I am getting loads of disconnects with no evident way of directly seeing what's causing them (Node 16.13.0 / node-pg 8.7.1). They almost always happen when firing concurrent queries from multiple clients obtained from a pool. They also happen after a time when firing thousands of independent queries with pool.query(). Postgres server logs show no errors.

Error: This socket has been ended by the other party
    at Socket.writeAfterFIN [as write] (node:net:474:14)
    at Socket.ondata (node:internal/streams/readable:754:22)
    at Socket.emit (node:events:390:28)
    at addChunk (node:internal/streams/readable:315:12)
    at readableAddChunk (node:internal/streams/readable:289:9)
    at Socket.Readable.push (node:internal/streams/readable:228:10)
    at TCP.onStreamRead (node:internal/stream_base_commons:199:23)

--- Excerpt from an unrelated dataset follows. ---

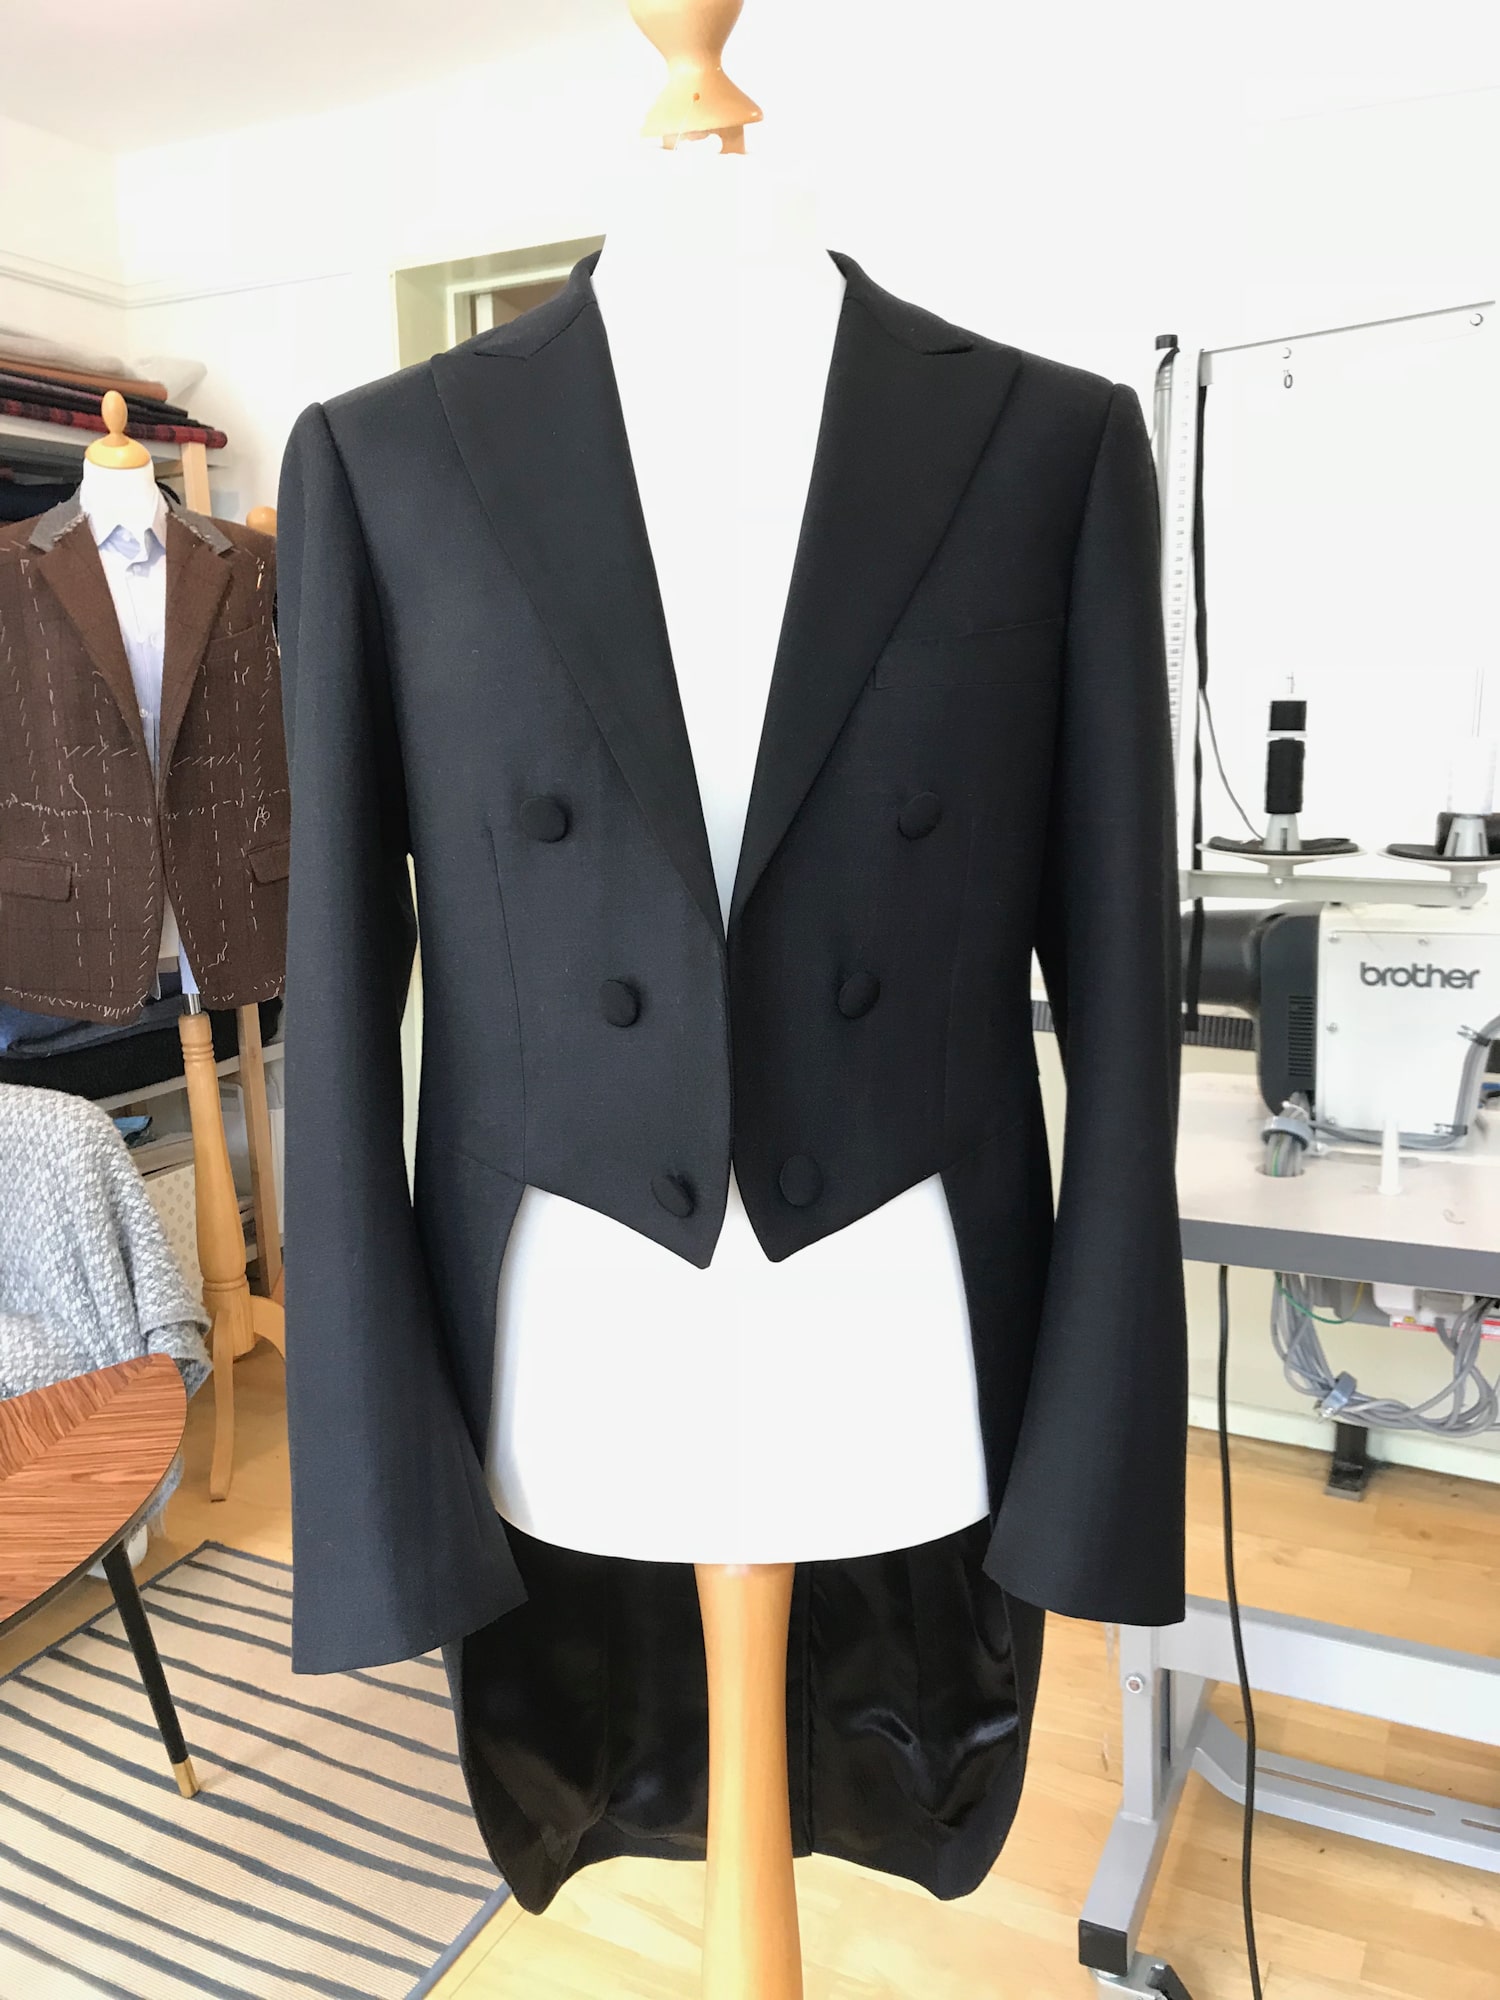 A black suit on a mannequin

What I've also learned is that that particular error is a big, fat, lying lier (at least in my case) :). Tcpdump reveals that it's the client that is ending the connection. Which is interesting because it still attempts to write to the socket after it just ended it. It would be awesome if it would give the reason reason why this is happening in the stack trace.

As it transpires, when this does occur, my exception handler is never triggered -- the program is just 'stuck' at this point, though it doesn't exit.